The Educator | Dr Stathis Stefanidis

The Educator

Teaching is about much more than giving people answers.

I have always believed in the transformative power of education: its ability to build confidence, widen opportunity and help people see possibilities they had not seen before.

Dr Stathis Stefanidis teaching
“Those that know, do. Those that understand, teach.” — Aristotle
01 — The beginning

My parents thought I would become a teacher long before I did.

From a young age, my parents were convinced I was destined to become a teacher. I am glad to say they were right.

Teaching first appealed to me through the influence of the exceptional teachers I was fortunate to learn from. Later, I discovered the same sense of fulfilment in helping someone else understand an idea that had once seemed difficult or inaccessible.

My own teaching journey began at 18, when I worked as an assistant and supply teacher at a private school. Since then, teaching has been one of the few constants running through almost every stage of my career.

Learning to teach

Teaching itself became something I wanted to understand.

While completing my undergraduate studies, I also earned my Qualified Teacher Status. That gave me the opportunity to explore different approaches to teaching and to think more carefully about why one explanation works for one student and fails for another.

I became particularly interested in using computer simulations to teach physics and in strategies for supporting students with dyscalculia and other learning differences.

That interest stayed with me throughout my postgraduate studies and later into my professional career.

The teacher

Good teaching begins with knowledge. It does not end there.

Teaching rewards people who bring genuine passion, empathy, patience and enthusiasm to the work. Without those qualities, it can quickly become transactional — a process of delivering material rather than helping a student grow.

I believe strongly in pedagogical theory. A sound theoretical foundation helps teachers adapt their approach to different students, recognise barriers to learning and make better decisions in the classroom.

But theory alone is not enough. Teaching cannot be reduced to a checklist or routine.

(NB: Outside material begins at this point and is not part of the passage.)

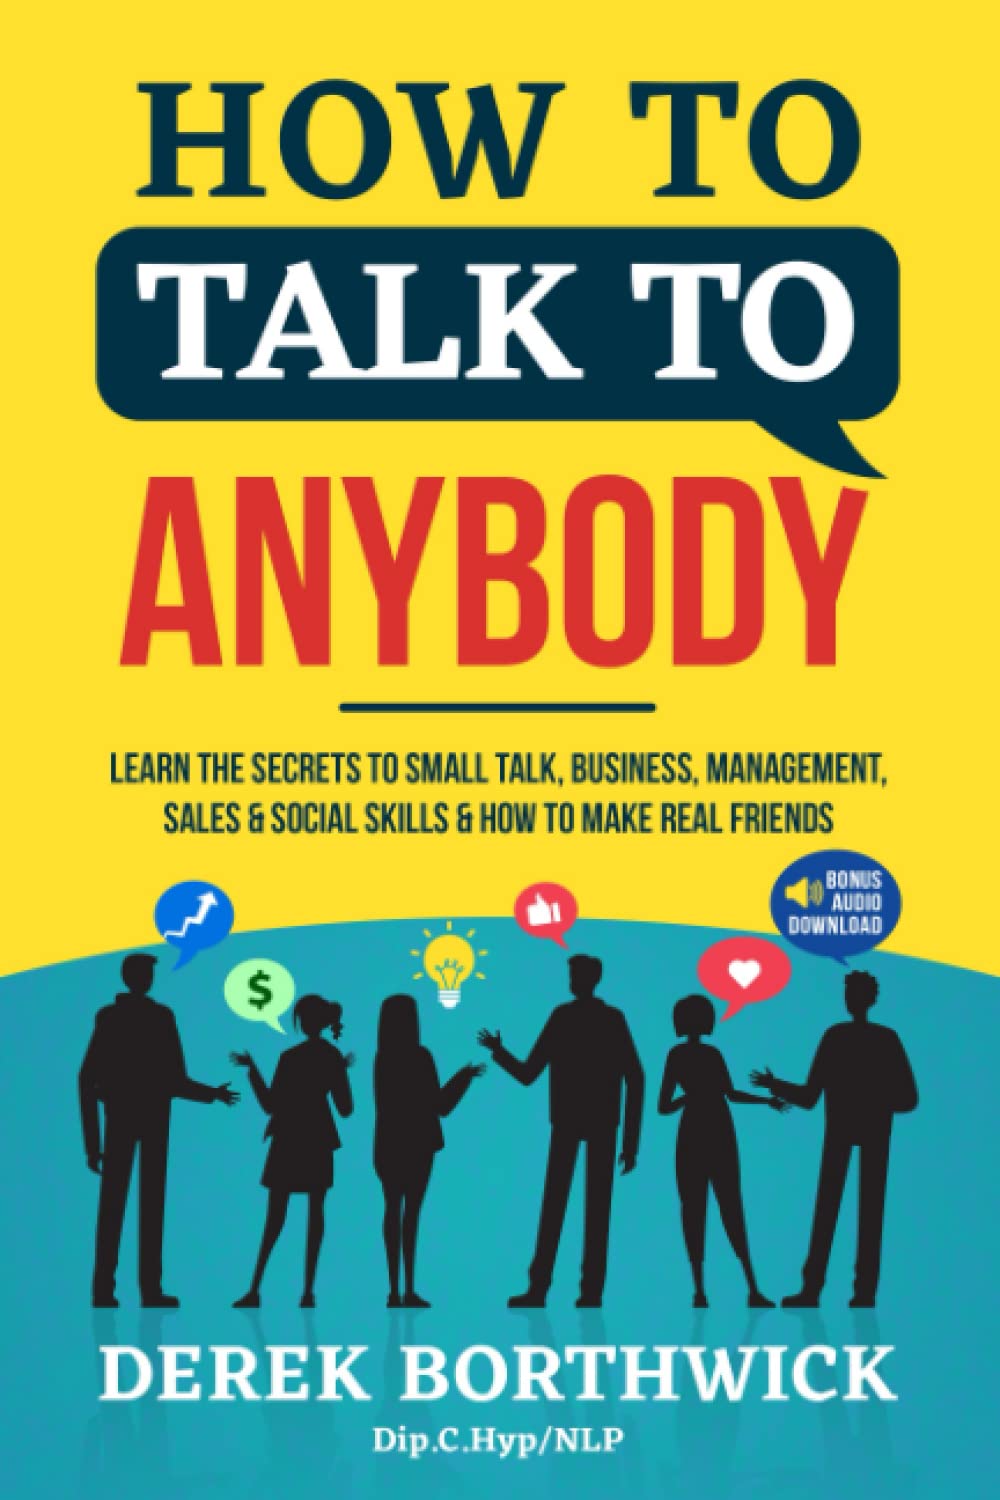 How To Talk To Anybody: Learn the Secrets to Small Talk, Business, Management, Sales & Social Skills & How to Make Real Friends

A good teacher also needs intuition, creativity and the willingness to try a different explanation when the first one does not work.

Phi Tuition

Eventually, I wanted to build the kind of teaching environment I believed in.

That conviction led me to found my own teaching and tutoring company, Phi Tuition.

It has been both commercially successful and personally fulfilling, giving me the opportunity to put my ideas about teaching into practice and to work closely with students and families over many years.

At its core is a simple belief: excellent teaching requires both a rigorous understanding of how people learn and the human qualities needed to respond to the individual in front of you.

The purpose of education

Education should prepare people to move the world forward.

Education is not simply about transferring knowledge from one generation to the next.

It should equip young people with the skills and confidence to question what they are told, develop new ideas, create new technologies and extend our understanding of the world.

For me, the best teaching does not produce students who simply remember more. It helps produce people who can think for themselves.

02 — Student achievement

Three things repeatedly shape a student’s chance to thrive.

01

Quality teaching

Subject knowledge, sound pedagogy and the ability to adapt teaching to the student in front of you.

02

Parental involvement

Consistent support, communication and an environment in which learning is taken seriously.

03

Leadership

The expectations, structures and culture that allow good teaching and student ambition to flourish.

03 — Leadership and opportunity

A school tells students what it believes is possible for them.

Leadership, in particular, sets the tone for a school’s ethos and ambition. It creates expectations, supports good teaching practice and establishes the structures within which teachers and students work.

Working in London gave me the opportunity to teach students from a remarkably wide range of cultural, linguistic and socioeconomic backgrounds. That diversity brings challenges, but it also makes clear why consistent structures and high expectations matter.

I believe one of the central responsibilities of educational leadership is to create a strong enough foundation for every student to flourish, regardless of the circumstances from which they begin.

04 — The commitment

The work of an educator does not begin and end with the school day.

It is a commitment to show up consistently — with clarity, purpose and care — and to keep asking what a student needs in order to move forward.

When that commitment is genuine, education can be transformative. I have seen it change confidence, ambition and, sometimes, the entire direction of a young person’s life.